Distance Dependence of Electronic Coupling through Trans Alkyl Chains: Effects of Electron Correlation

Abstract

Electronic coupling between CH2 π donor/acceptor groups at the termini of trans alkyl chains [H2C−(CH2)n-2−CH2, n = 4−16] was investigated using Hartree−Fock (HF) theory, second-order Moller−Plesset perturbation theory (MP2), and density functional theory (DFT). For each method the couplings in the ions were calculated in two ways: (1) the difference in donor/acceptor orbital energies [Koopmans' theorem (KT)] and (2) the difference between the ground state and first excited state energy of the ions (ΔE). The distance dependence of the coupling in anions was found to be independent of the method used, indicating that electron correlation has little effect. In contrast, the distance dependence of the couplings in cations was very dependent on the method used.

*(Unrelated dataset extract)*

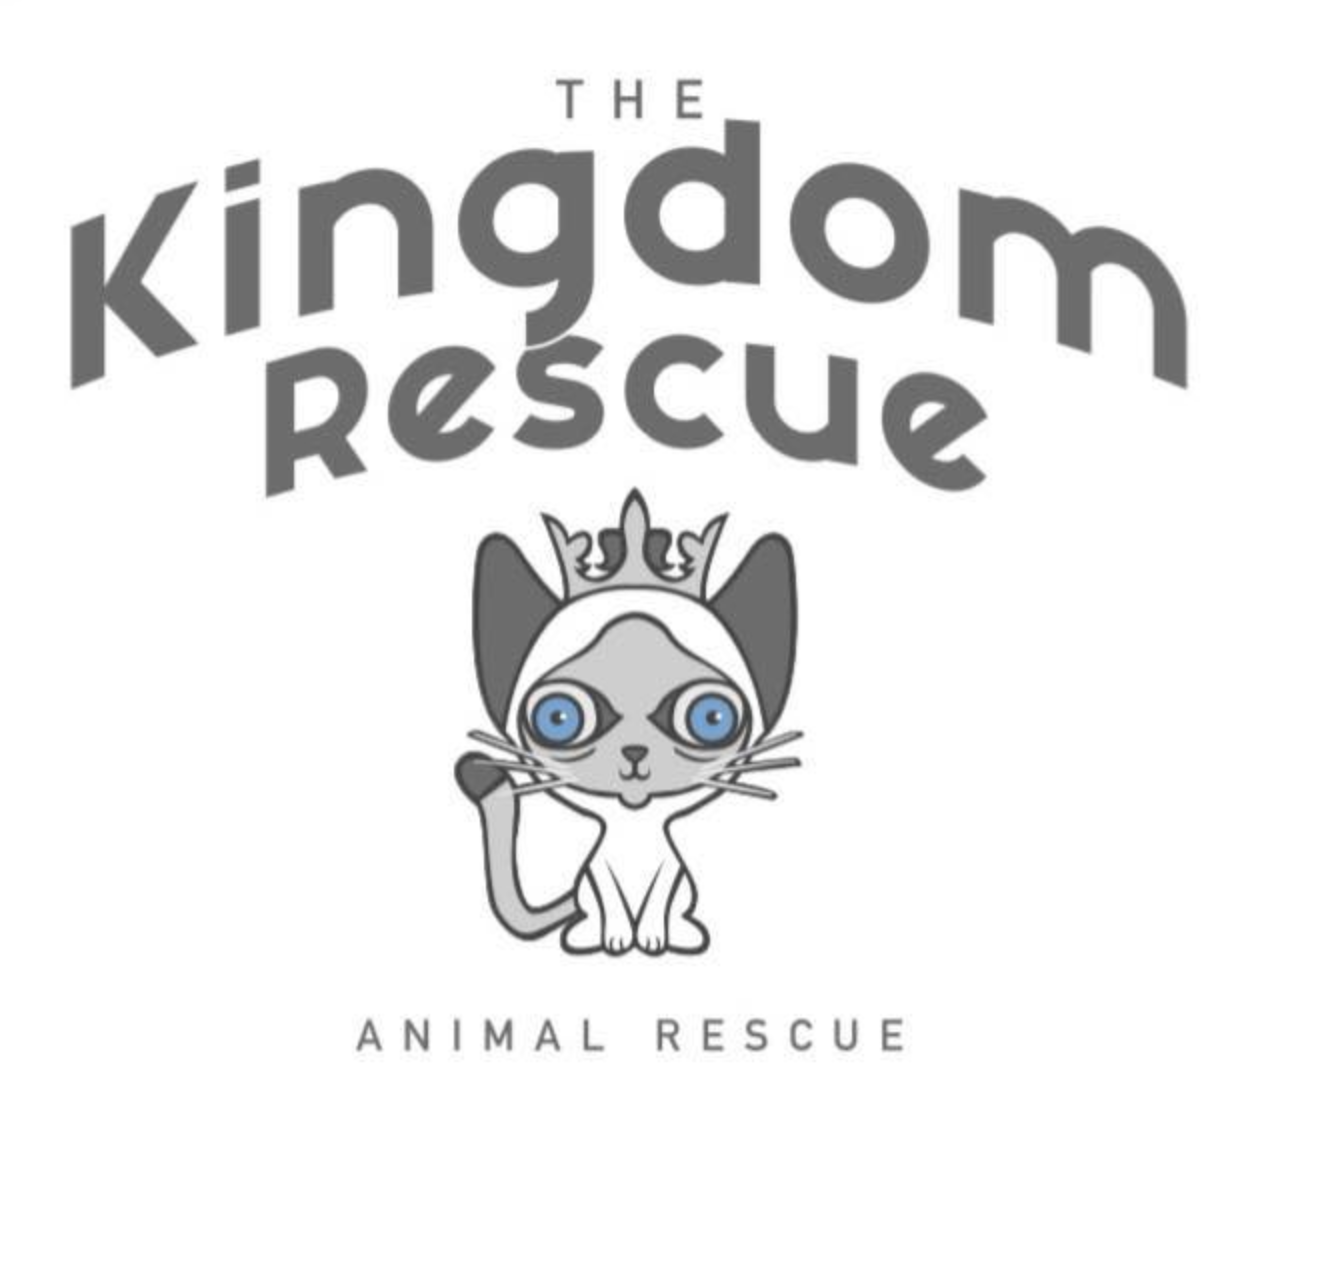 The Kingdom Rescue
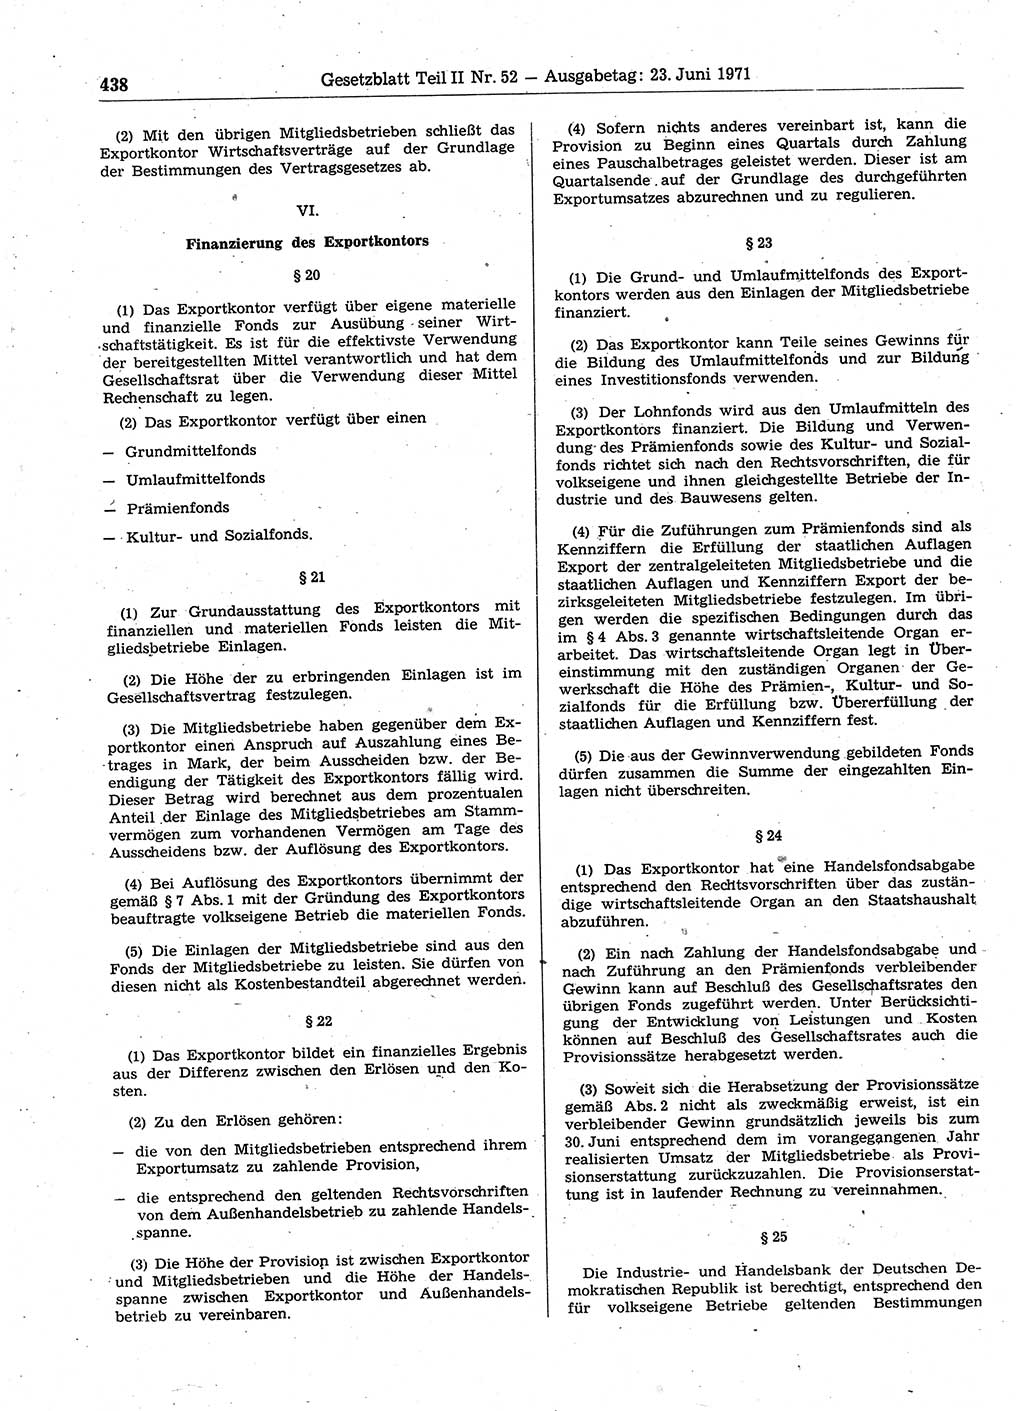 Gesetzblatt (GBl.) der Deutschen Demokratischen Republik (DDR) Teil ⅠⅠ 1971, Seite 438 (GBl. DDR ⅠⅠ 1971, S. 438)

For cations, couplings from ΔDFT calculations have a weak distance dependence (β < 0.4) similar to that found previously for KT couplings from HF (β ∼ 0.4), while couplings from KT(DFT) and ΔMP2 calculations have a stronger distance dependence (β ∼ 0.6−0.7) similar to that found previously from ΔHF calculations. When energetics are examined, it appears that the weak distance dependence for some of the methods may arise from small energy differences between the donor/acceptor levels and the energies of the filled orbitals. This was confirmed by calculations on a series of trans alkyls with different donor/acceptor groups (NH2, SiH2, PH2). The couplings for the anions have a stronger distance dependence (β ∼ 0.6−0.7) in all of the methods. Finally, it is found that the inclusion of diffuse functions in the basis set does not introduce problems for the calculation of anion couplings by density functional theory, in contrast to ab initio molecular orbital calculations where erratic results are obtained.